キーワード:老い、痴呆性老人、介護、家族介護者

高齢者虐待防止法が今年の4月から施行になったせいだろうか、最近、介護殺人や高齢者虐待の記事をよくみかける。周囲でも、要介護高齢者、特に、認知症のお年寄りのケアで苦労する人たちが増えてきた。

高齢者の家族介護は、家族成員間や親族間、近隣関係、ときには、職場関係などにも、いろいろな関係に影響を与える。それもよい影響は少なく、やっかいな影響が多い。それはなぜなのか?

大部な本書には、手が出しづらく、しばらく「つんどく」状態であった。このたび、家族介護者のインタビュー結果を分析して書かれた「第4章 在宅で追い衰えゆく身体を生きる家族を介護するということーー「痴呆性老人」と家族介護者の相互作用――」と、「5章 老い衰え行く高齢者夫婦の親密性の変容」を読んで、理解の助けになるところが少なくなかった。

本書は、「家族介護の脱自明化の時代における痴呆性老人の介護をめぐる家族介護者の意味づけ、解釈の変容過程をあきらかにしながら、相互作用のダイナミズムと家族介護者のアイデンティティ管理を、家族とジェンダーの視点から詳細に記述」した本である。

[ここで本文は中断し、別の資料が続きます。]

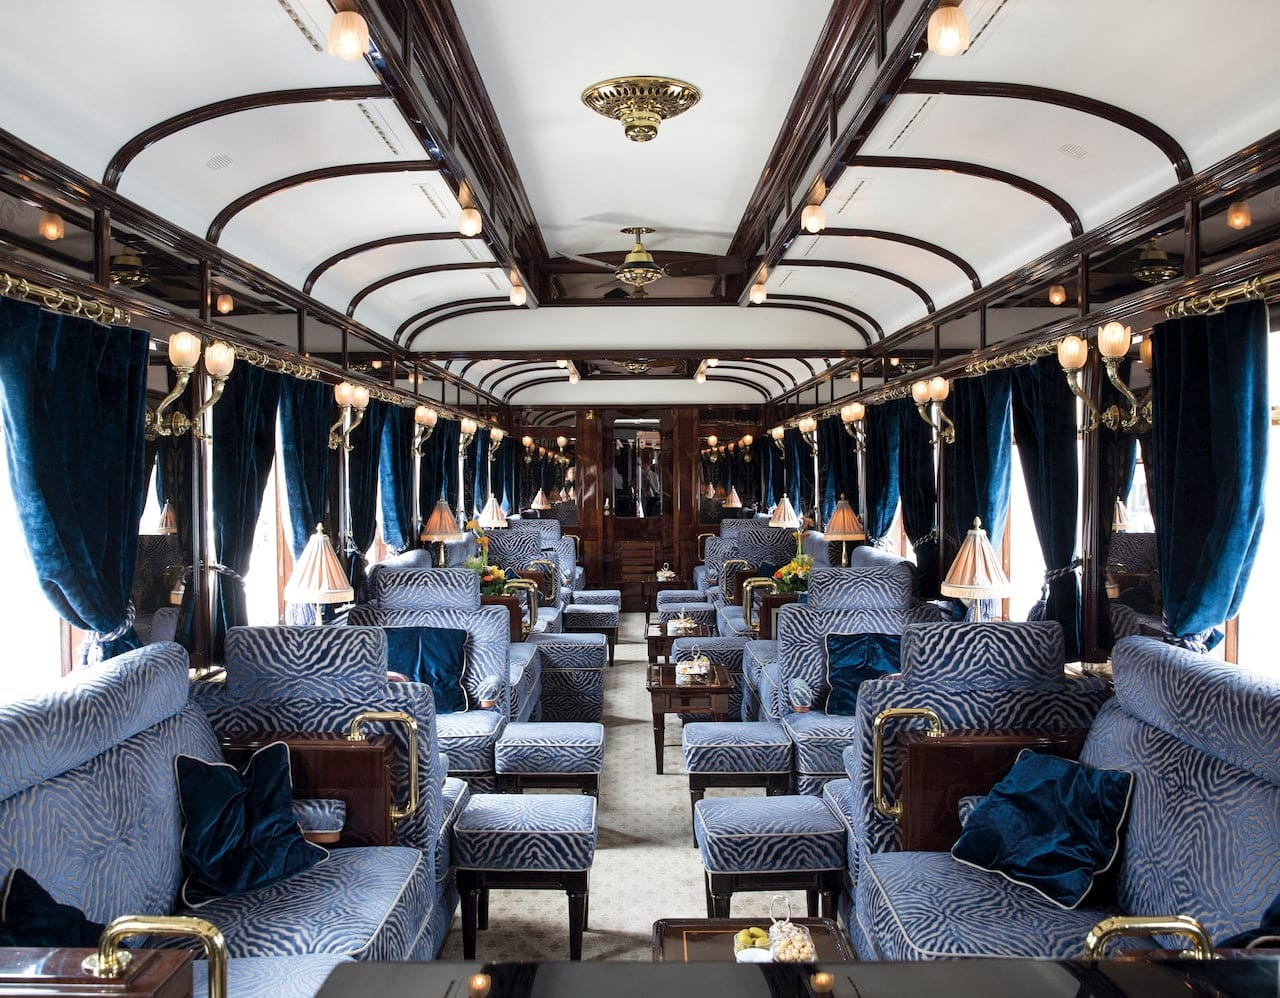 An interior view of the Venice Simplon-Orient-Express train; the luxurious lounge carriage is decorated with sumptuous deep blue soft furnishings.

1960年代、70年代は、「日本型福祉社会論」によって、「『家』的家族観」にもとづく「嫁」の介護が当然という言説が振りまかれた。だが、その後、「愛情規範」にもとづく「娘」による介護が当然という言説が生まれ、90年代に入ると、個人主義イデオロギーが老夫婦間のケア、老老介護もやむなしとし、平等主義イデオロギーが息子による介護の現実も当然視するようになっていく。

こうした脱自明化の時代だからこそ、人々は、さまざまな言説の影響のもとで、介護のコンテキストを解釈し、自分の行為に納得できる意味づけをあたえようと努力する。その過程は、認知症高齢者や、他の家族成員、親族などによる解釈と行為とのぶつかりあいの過程である。そして、何が家族か、妻とは何か、娘とは何か、、、、を作り上げていく過程でもある。

家族介護者に直接接触するケアマネジャーさんやソーシャルワーカーさんにとって、本書の家族介護者へのインタビュー結果とその分析結果は自明のことだろうか?援助者が時間に追われてしまうと、家族介護のダイナミズムを深く理解したうえでの支援はなかなかむずかしい。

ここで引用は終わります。